We have a class Event (it's actually named differently, but I'm just making abstraction):
public class Event
{
public string Name { get; set; }
public string Description { get; set; }
public EventType EventType { get; set; }
}
We need to build an instance of a Message class with this object, but depending on the EventType, we use a different builder:
switch (event.EventType)
{
case EventType.First:
message = FirstMessageBuilder.Build(event);
break;
case EventType.Second:
message = SecondMessageBuilder.Build(event);
break;
}
Do you think this is acceptable, or should we take the following approach:
Make an abstract class:
public class Event
{
public string Name { get; set; }
public string Description { get; set; }
public abstract Message BuildMessage();
}
Then derive two classes: class FirstMessage and class SecondMessage and make the domain objects responsible for building the message.
I hope it isn't too abstract. The bottom line is we need to transform one class to another. A simple mapper won't do, because there are properties with XML content and such (due to a legacy application making the events). Just accept what we're trying to do here.

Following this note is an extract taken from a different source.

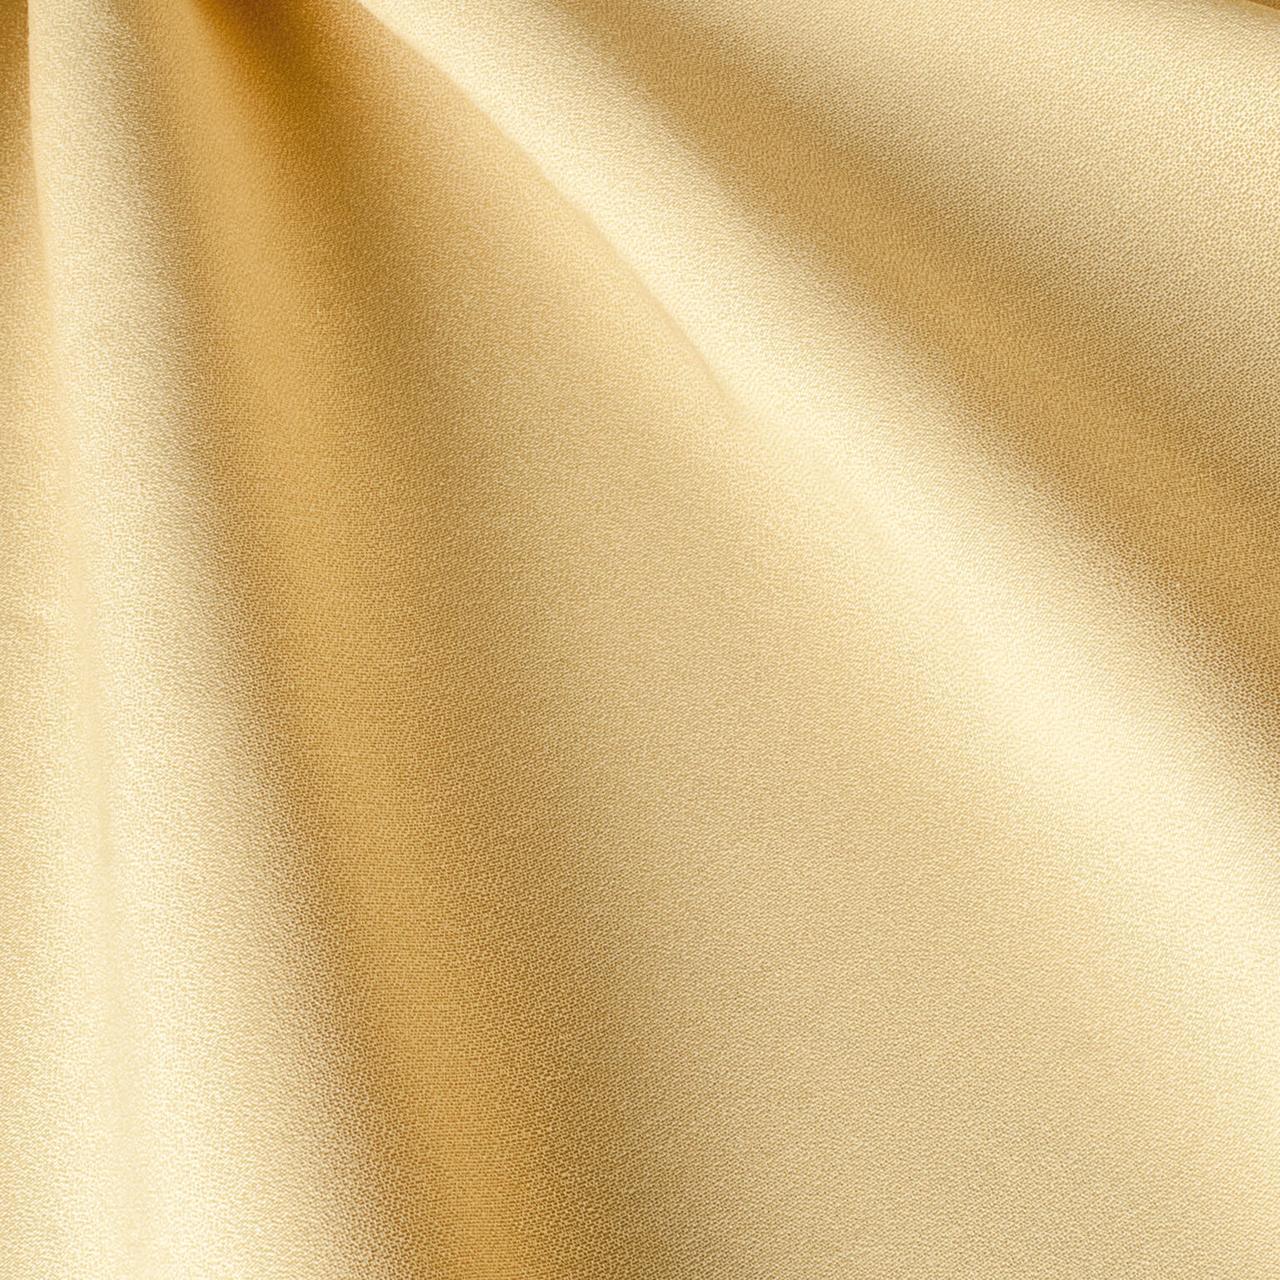 Ткань для скатертей и салфеток (ресторан) 83105v3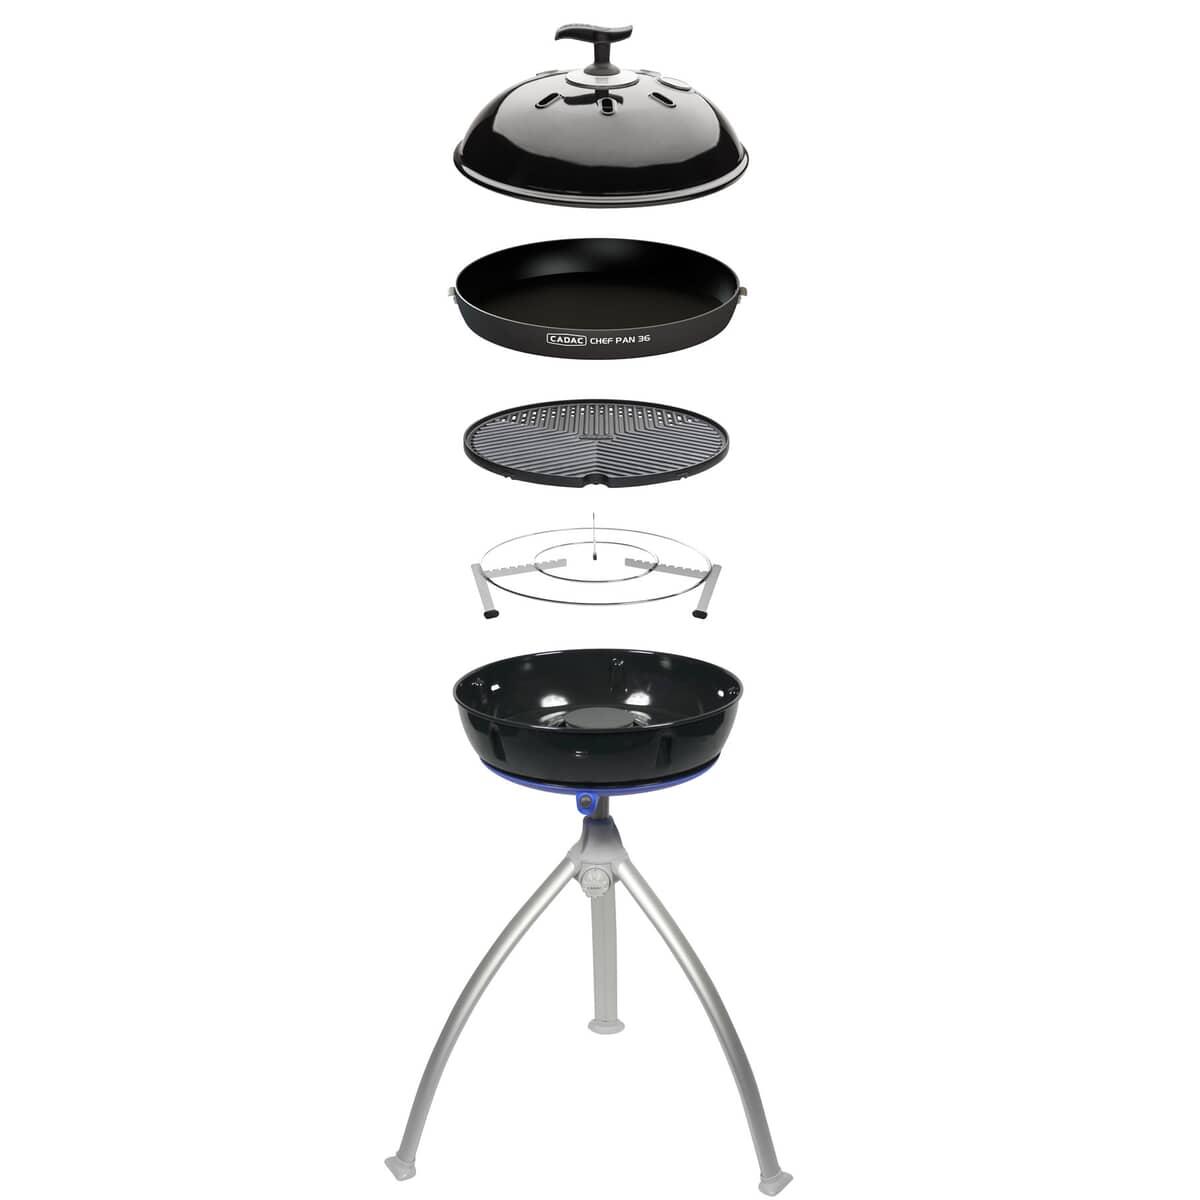 Cadac Carri Chef 2 Bbq Skottel Combo.Cadac Grillo Chef 2 Bbq Chef Pan Combo Gas Bbq

The real question is: can a domain object be responsible for such a transformation, or would you not recommend it? I would avoid the ugly switch statement, but add complexity somewhere else.
Whilst I agree with Thomas, you might want to look at the following design patterns to see if they help you:
Vistor Pattern
Double-Dispatch Pattern
Builder Pattern
Strictly speaking, a domain object shouldn't be responsible for anything other than representing the domain. "Changing type" is clearly a technical issue and should be done by some kind of service class, to maintain a clear separation of concerns...
In order to gain the readability of
var message = eventInstance.AsMessage();
as well following the single responsibility principle, you could define AsMessage() as an extension method of the event type.
There are few possible solutions. To use abstract factory:
public interface IMessageFactory
{
Message Create();
}
public class FirstMessageFactory : IMessageFactory
{
public Message Create()
{
//...
}
}
public class SomeService
{
private readonly IMessageFactory _factory;
public SomeService(IMessageFactory factory)
{
_factory = factory;
}
public void DoSomething()
{
var message = _factory.Create();
//...
}
}
Now you can wire IoC container to right factory for requested service.
To use Assembler which makes the transformation:
public interface IAssembler<TSource, TDestination>
{
TDestination Transform(TSource source);
}
This is quite similar to factory pattern, but if you are dependent on EventType, its possible to do it like:
public interface IAssembler<TEventType>
{
object Transform(object source);
}
I would encapsulate the logic into a separate Factory/Builder class, and use an extension method on Event to call the builder.
This would give you the best of both worlds.